(Given records Opens)

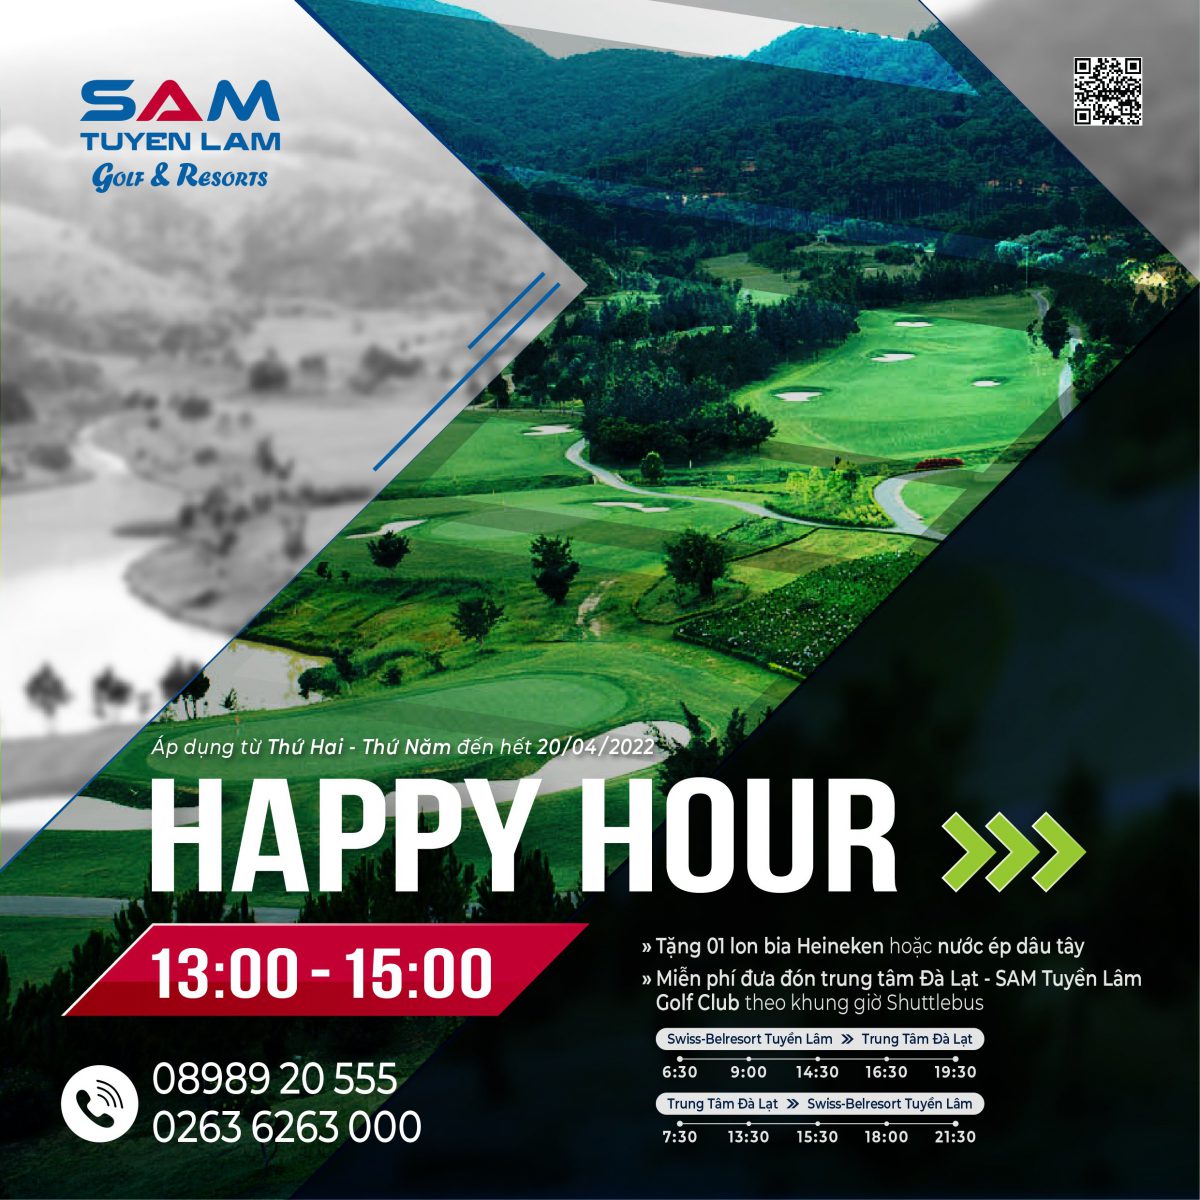 HAPPY HOUR – HAPPY GOLF TIME
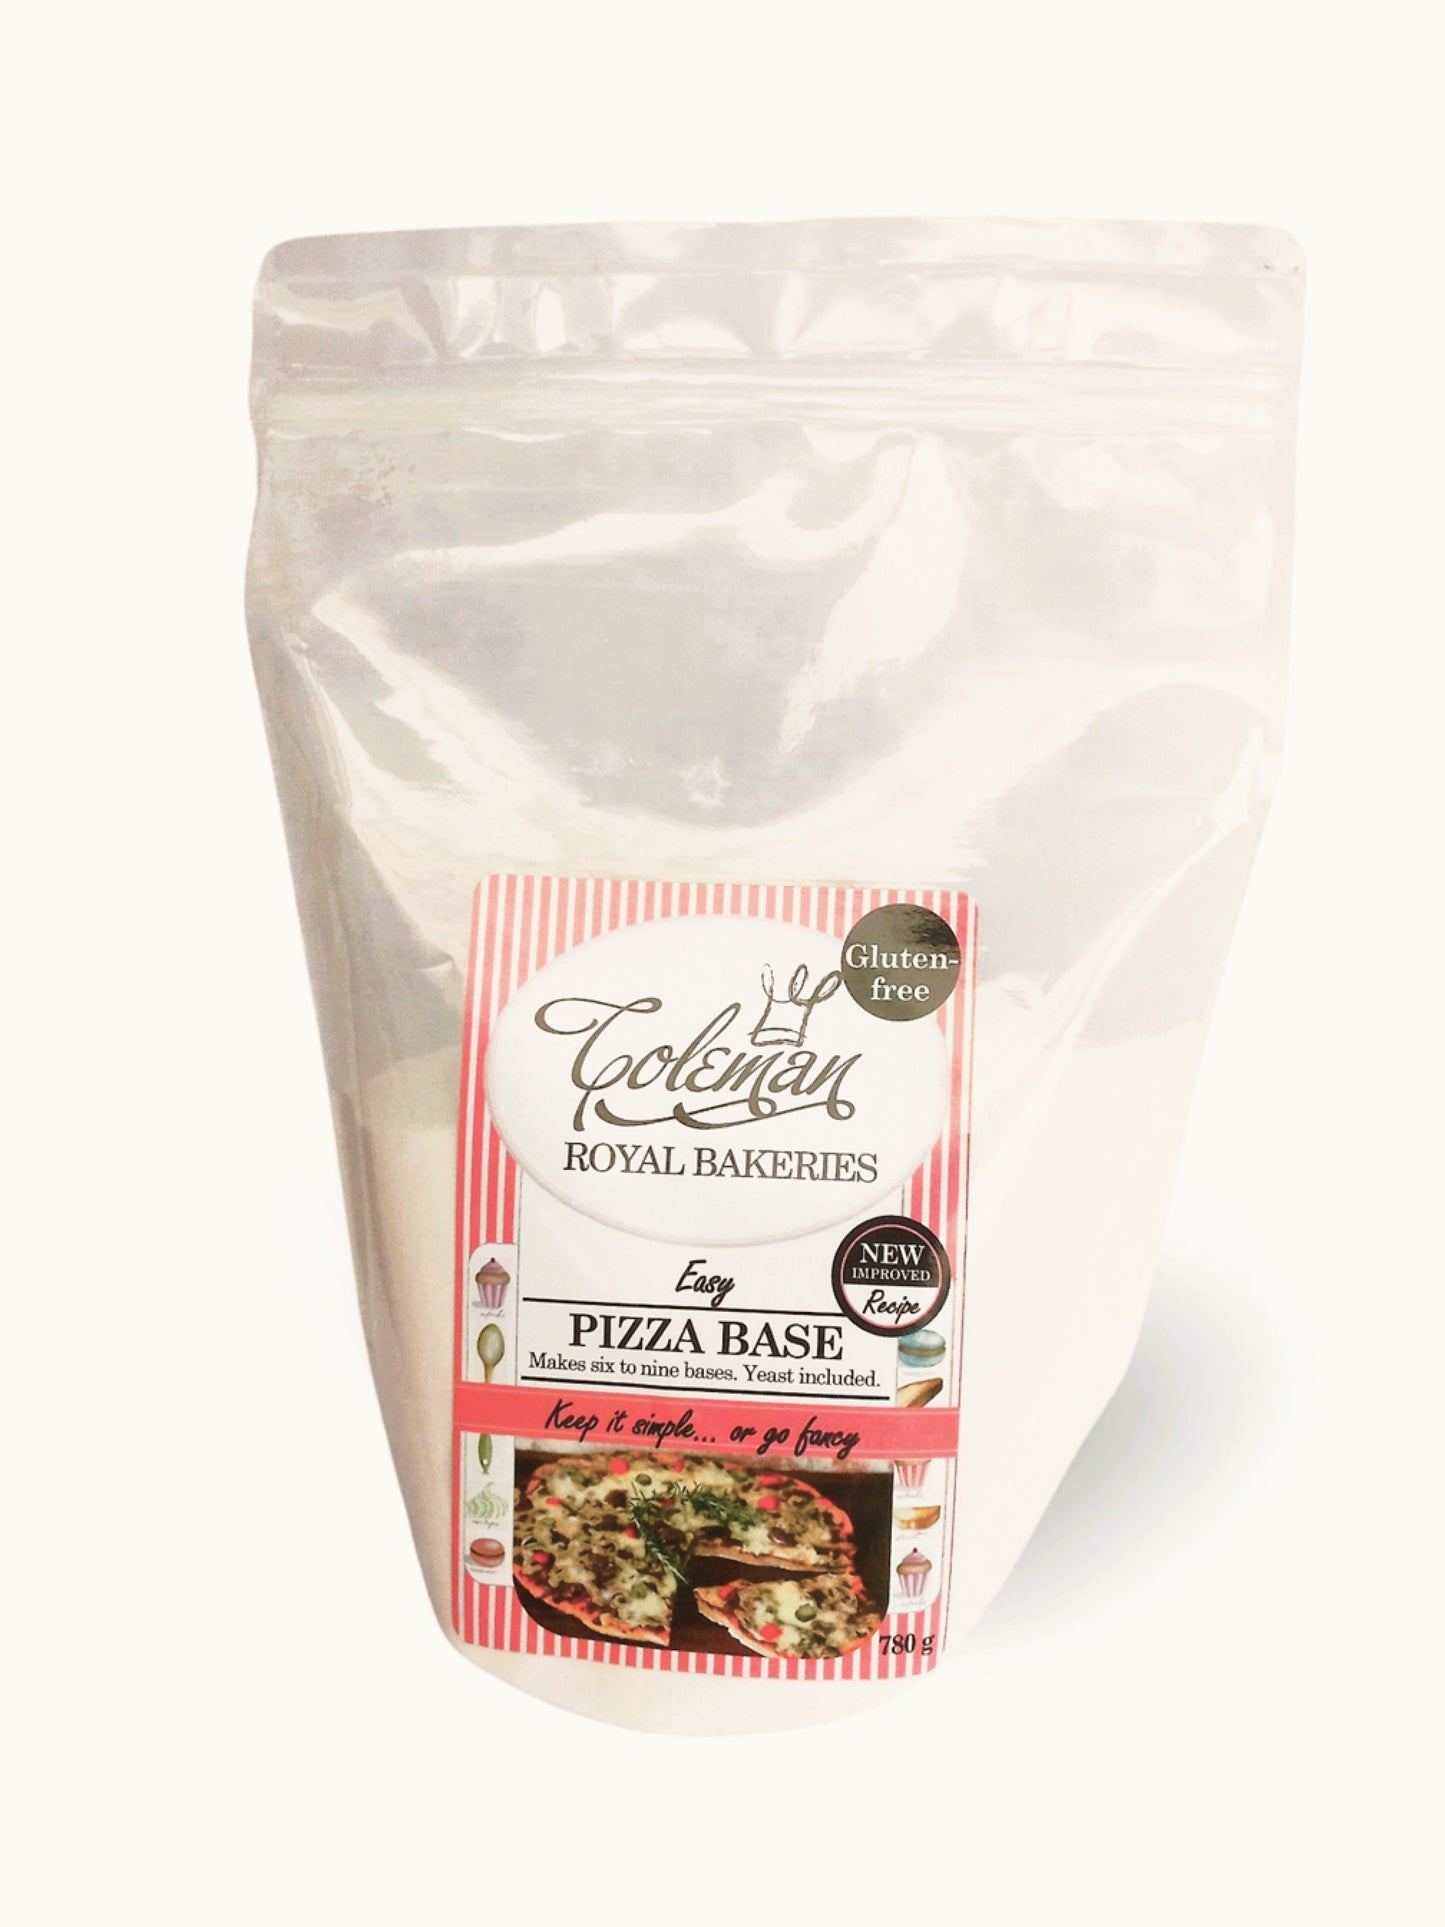 Pizza Base, makes 6-9 bases (Gluten-free). 750 g + 3 x 10 g yeast sachet included - Coleman Royal Bakeries
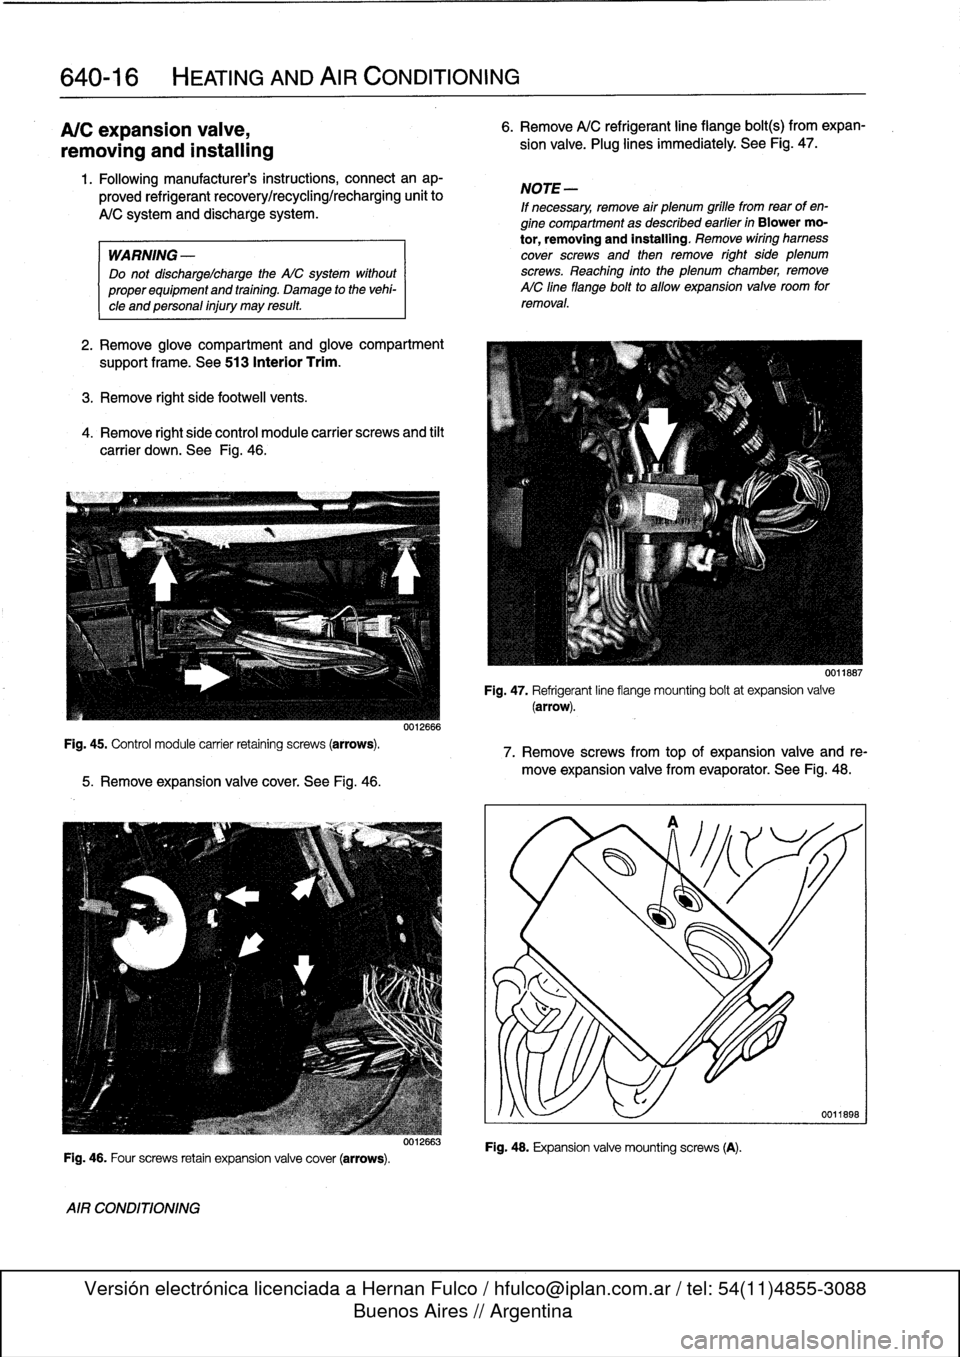 BMW 318i 1997 E36 Owners Manual 
640-16

	

HEATING
AND
AIR
CONDITIONING

A/C
expansion
valve,

removing
and
installing

Fig
.
45
.
Control
module
carrier
retaining
screws
(arrows)
.

1
.
Following
manufacturers
instructions,
connec
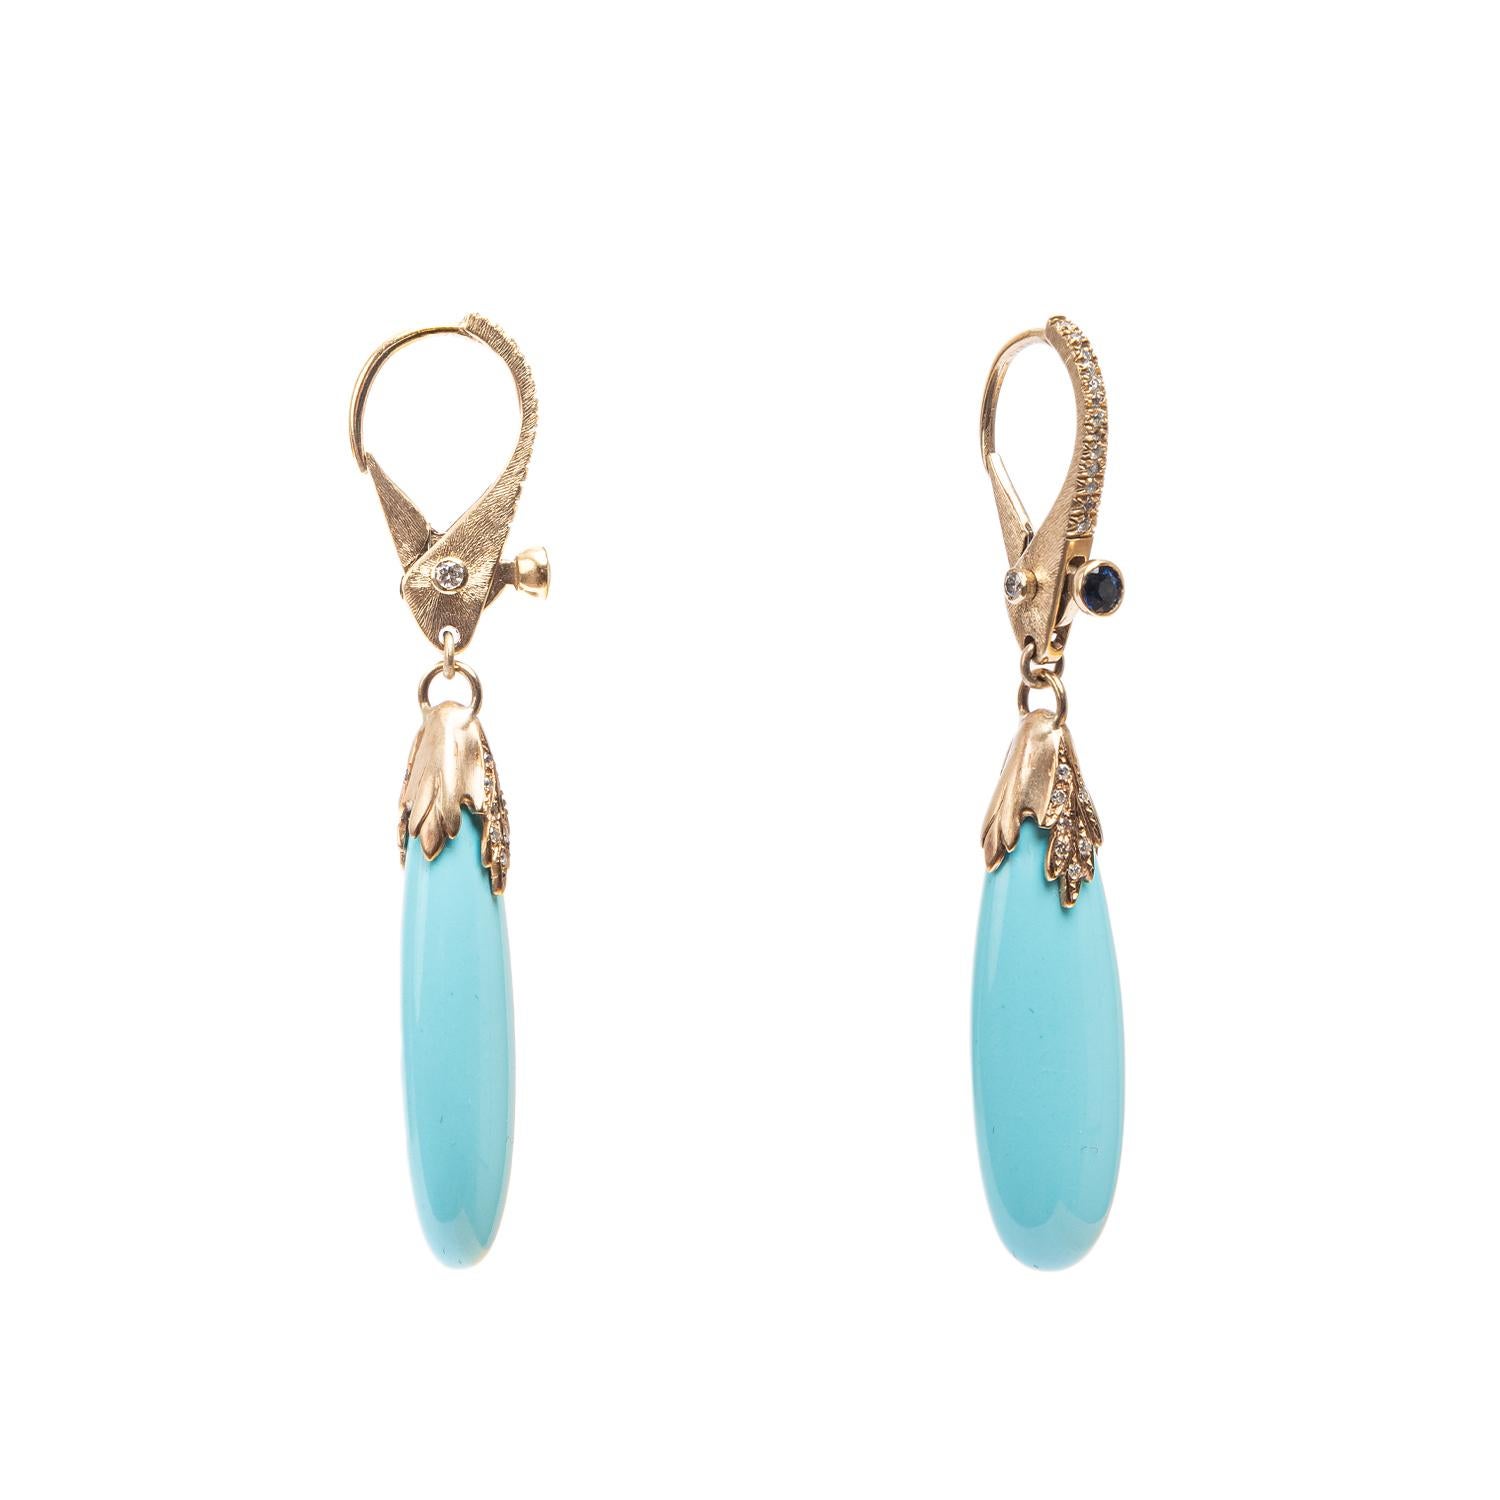 Snap Hook Earrings by Regina Gambatesa at Second Petale Gallery

About the Gemstones :

Gold 18kt, grey gold
Diamonds ct 0,36

ABOUT the CREATOR
REGINA GAMBATESA: AN ARTIST OF SPIRIT AND FORM
Regina Gambatesa is a jewelry artist who strives to

(Given records Closes)

One exact copy of the data is required, and it should hold no pictures.

 HAPPY HOUR – HAPPY GOLF TIME
 Pizza Base, makes 6-9 bases (Gluten-free). 750 g + 3 x 10 g yeast sachet included - Coleman Royal Bakeries
 BMW 318i 1997 E36 Owners Manual 
640-16

	

HEATING
AND
AIR
CONDITIONING

A/C
expansion
valve,

removing
and
installing

Fig
.
45
.
Control
module
carrier
retaining
screws
(arrows)
.

1
.
Following
manufacturers
instructions,
connec
 Snap Hook Earrings by Regina Gambatesa at Second Petale Gallery

About the Gemstones :

Gold 18kt, grey gold
Diamonds ct 0,36

ABOUT the CREATOR
REGINA GAMBATESA: AN ARTIST OF SPIRIT AND FORM
Regina Gambatesa is a jewelry artist who strives to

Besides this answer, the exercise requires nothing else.